彼女は腕を組み、見下ろすように私を見た。
「小林さん、先輩として言うけれど、あなたの実力でシニアプランナーはまだ早いわ。部長があなたの真面目さを見て、慰めみたいに枠をくれただけ。自分に本当に力があるなんて、勘違いしないでね」
私は目を伏せた。
「分かっています。私には、まだ田中先輩に学ぶことがたくさんあります」
彼女は満足した。
「分かっているならいいの。来月の自動車ブランドの年間発表会企画、ちゃんと作りなさい。できたらまず私に送って。前みたいに、クライアントからクレームになりかけるようなものは困るから」
本当は前回、クライアントはとても満足していた。
でも私は説明しなかった。
「はい、田中先輩」
その自動車ブランドの企画案のために、私は二晩徹夜した。
発表会の会場、メディア展開、SNSでの事前施策、オフライン体験エリア、KOLリスト、予算配分。
一つ一つの項目を、私は少しずつ磨き上げた。
完成すると、いつものように田中真由美へ先に送った。
翌日の昼、彼女からメールが返ってきた。
「全体としては悪くないわ。ただ、細部はまだ調整が必要ね。私が先に整えて、そのままクライアントに見せておくわ。あなたがまた直す手間も省けるでしょう」
その「調整」によって、企画書の作成者はまた彼女一人になった。
クライアントの反応は非常によく、案は採用されただけでなく、追加予算までついた。
企画部長は会議で田中真由美を大きく褒めた。
「田中、今回もよくやった。さすが企画部の柱だ」
田中真由美は謙虚に微笑んだ。
「チーム全員の努力です。特に小林さんも、いろいろ手伝ってくれました」
企画部長は私を見た。
「小林もよくやった。いいサポートだった」
私は少し笑った。
「ありがとうございます、部長」
その夜、会社には私と田中真由美だけが残って残業していた。
窓の外では、丸の内のオフィスビルが一棟ずつ明かりを灯している。終わりのないガラスの森のようだった。

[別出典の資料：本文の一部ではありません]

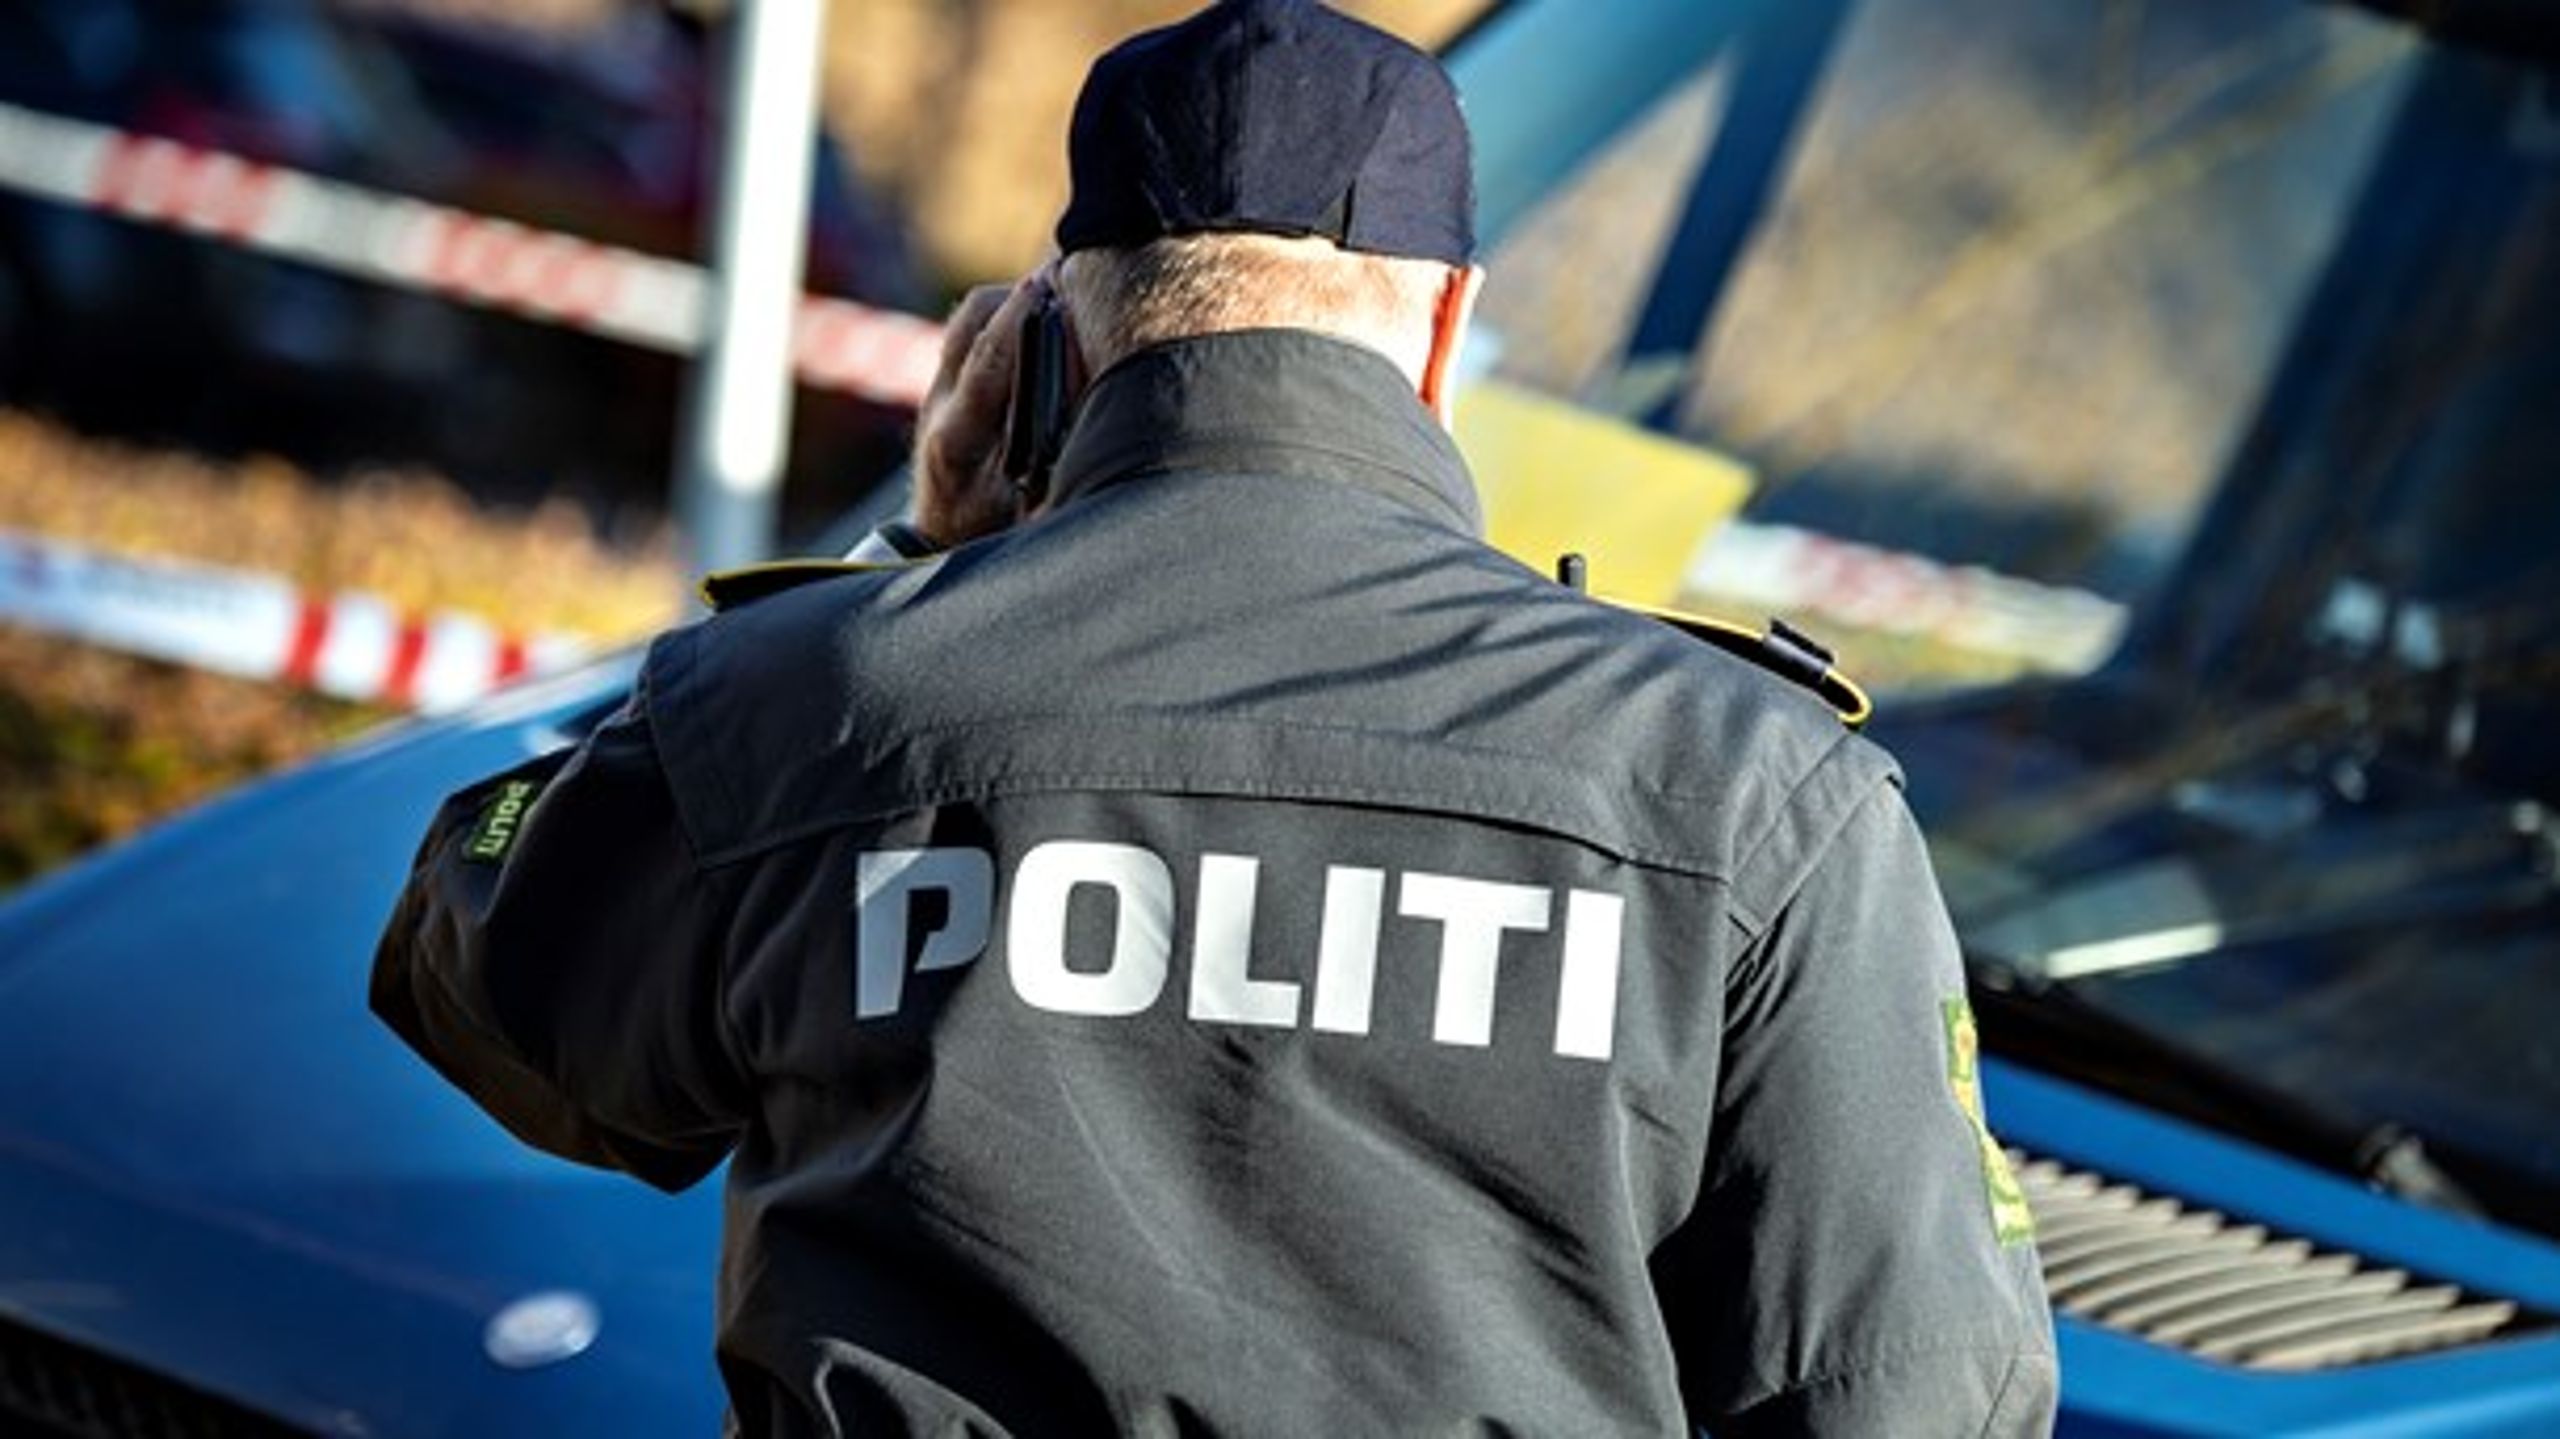 Politiet er blevet en forretning, hvor økonomien er vigtigere end borgernes sikkerhed, skriver Benny Bindslev.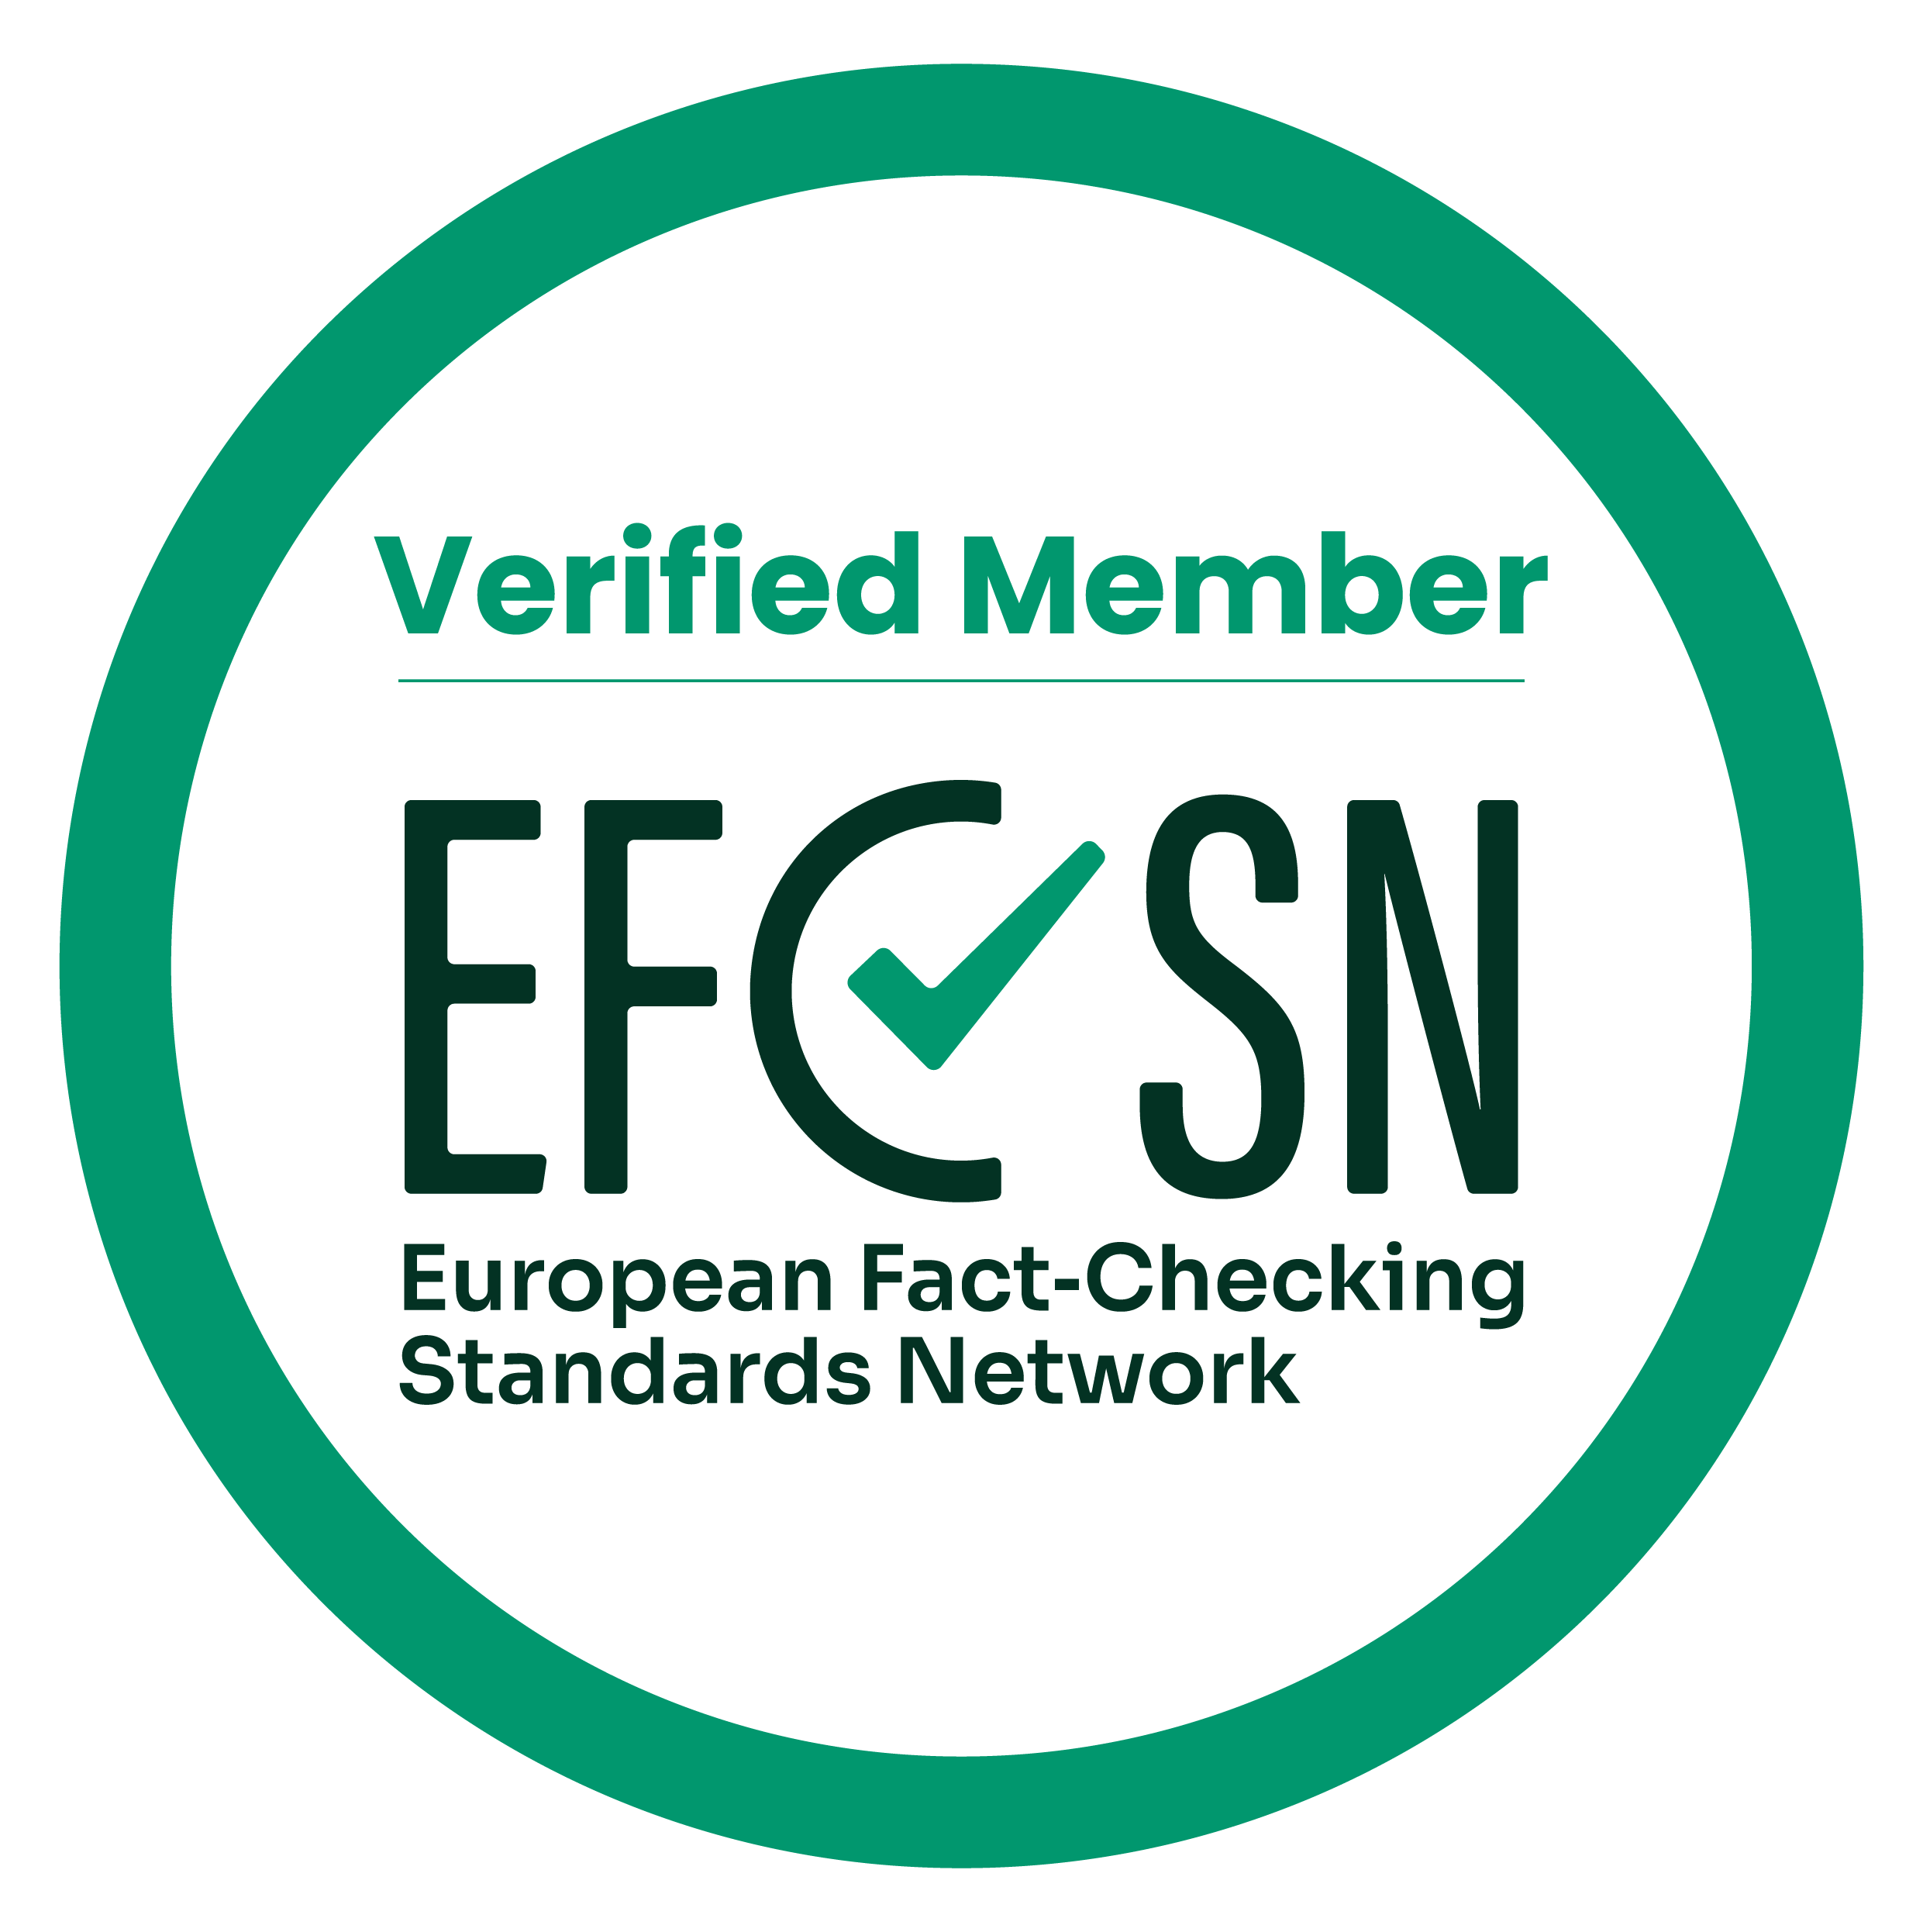 EFCSN certificate

田中真由美はコンビニのコーヒーを手に、私の席まで来て、パーティションに寄りかかった。
「小林さん、今日も私があなたをかばってあげたのよ」
私の指はキーボードを打つのを止めなかった。
「ありがとうございます、田中先輩」
「部長、もともとはあなたに小さな案件を一つ任せるつもりだったみたい。でも私が言ったの。小林さんはまだ未熟だから、あと二年は私の下で学ばせたほうが安全ですって。部長も納得していたわ」
私は画面を見つめた。
「はい。これからも努力します」
彼女はコーヒーを一口飲んだ。
「遠慮しなくていいのよ。そういえば、来期の文旅都市開発の大きな案件、部長が私をリーダーにするって。あなたはその時、私の補助に入りなさい。企画部分は多めに任せるわ。うまくいったら、先輩はあなたを悪いようにはしないから」
「はい」
彼女はハイヒールの音を響かせて去っていった。
その音は、誰もいないオフィスに一歩ずつ反響した。
私は手を止め、パソコンの中にある隠しフォルダを開いた。
フォルダ名は「業務記録」。
その中に、さらに一つのサブフォルダがある。
名前は「田中真由美」。
私はそれを開き、新しい文書を作成した。
文書名は、その日の日付にした。
2023年4月12日。自動車ブランド年間発表会企画の最終版が田中真由美に持ち出された。メール保存済み。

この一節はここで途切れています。